Prosze o szybka pomoc

jak mam cos jeszcze dopisac to walcie smialo

Arfrever: OrtografiaLast edited by topcio on Thu Oct 09, 2008 5:49 pm; edited 1 time in total

----------

## mentorsct

Moja metoda na neta na sagem fast 800 jest taka: 

ATM

Networking --->

Networking options --->

[*] Asynchronous Transfer Mode (ATM)

[*] Classical IP over ATM 

[ ] LAN Emulation (LANE) support (EXPERIMENTAL)

[M] RFC1483/2684 Bridged protocols

Firmware loader

Device Drivers --->

Generic Driver Options --->

[*] Select only drivers that don't need compile-time external firmware

[*] Prevent firmware from being built

<*> Hotplug firmware loading support

[ ] Driver Core verbose debug messages

Obsługa USB (z reguły to jest już w większości jąder)

Device Drivers --->

USB support --->

[M] Support for Host-side USB

[M] EHCI HCD (USB 2.0) support

[M] OHCI HCD support

[M] UHCI HCD (most Intel and VIA) support

Obsługa modemów (w jądrze 2.6.16 obsługa modemów Sagem F@st 800 została dodana do oficjalnego wydania kernela)
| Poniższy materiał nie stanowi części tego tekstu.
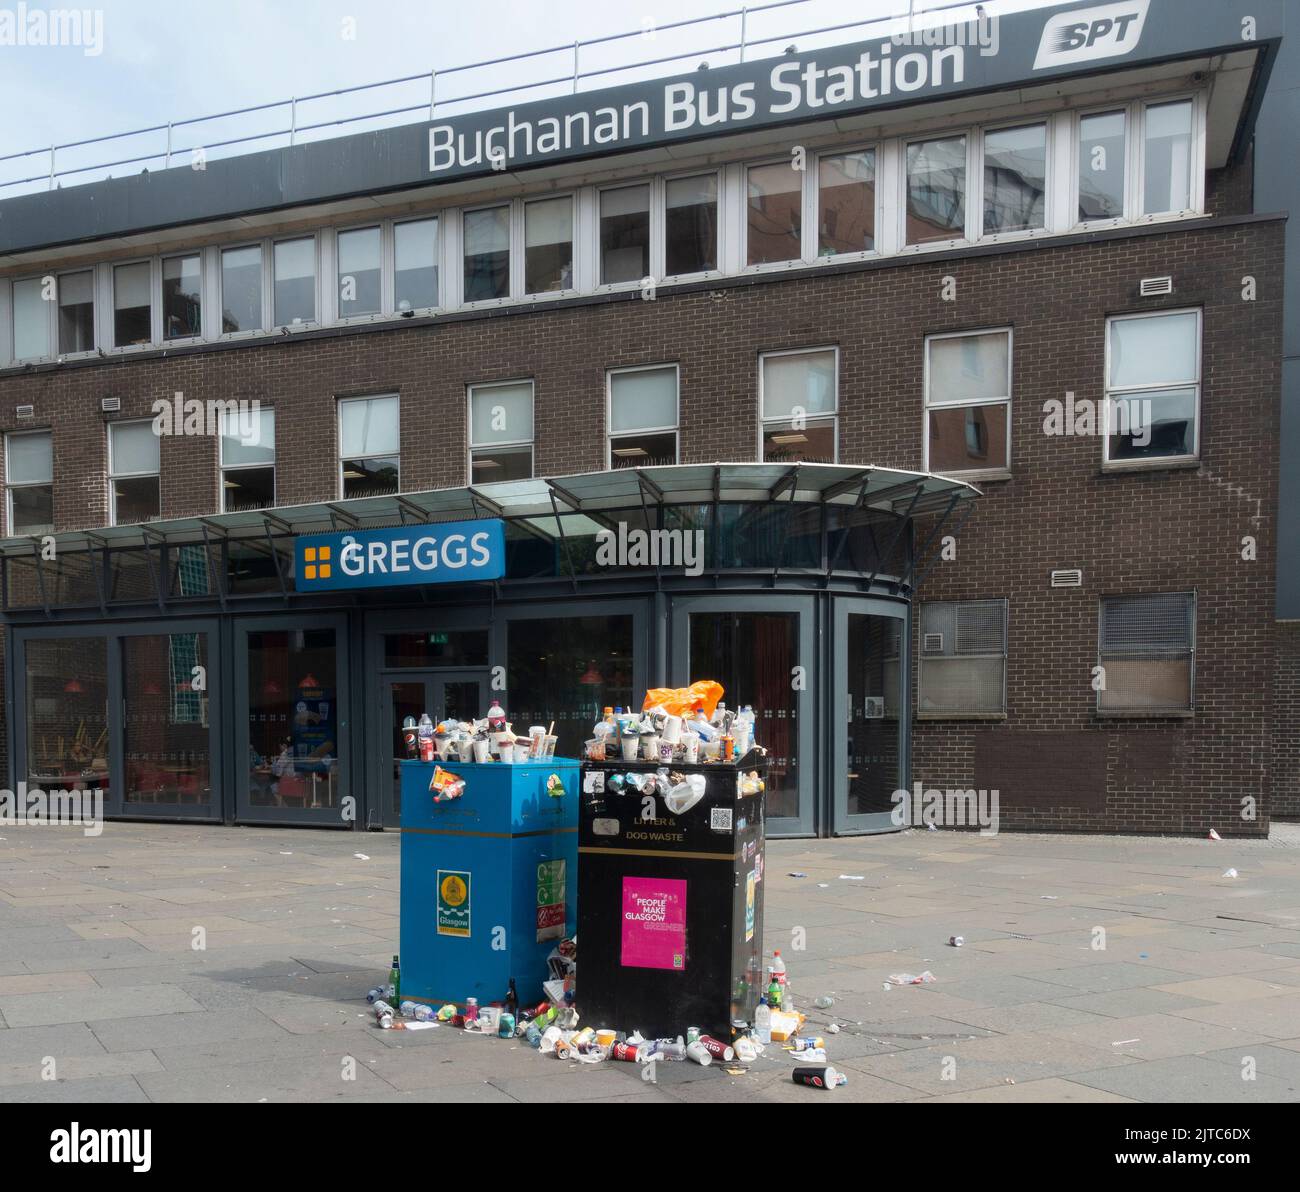 Rebosantes contenedores de basura en el pavimento fuera de la estación de autobuses de Buchanan, Glasgow, durante una huelga de los recolectores de basura del Consejo. Foto de stock

USB DSL modem support --->

[M] USB DSL modem support

[M] Speedtouch USB support

[ ] Conexant AccessRunner USB support

[M] ADI 930 and eagle USB DSL modem

[ ] Other USB DSL modem support

PPP over ATM

Device Drivers --->

Network device support --->

[M] PPP (point-to-point protocol) support

[ ]PPP multilink support (EXPERIMENTAL)

[ ]PPP filtering

[*] PPP support for async serial ports

[M] PPP support for sync tty ports

[*] PPP Deflate compression

[*] PPP BSD-Compress compression

[ ] PPP MPPE compression (encryption) (EXPERIMENTAL) (NEW)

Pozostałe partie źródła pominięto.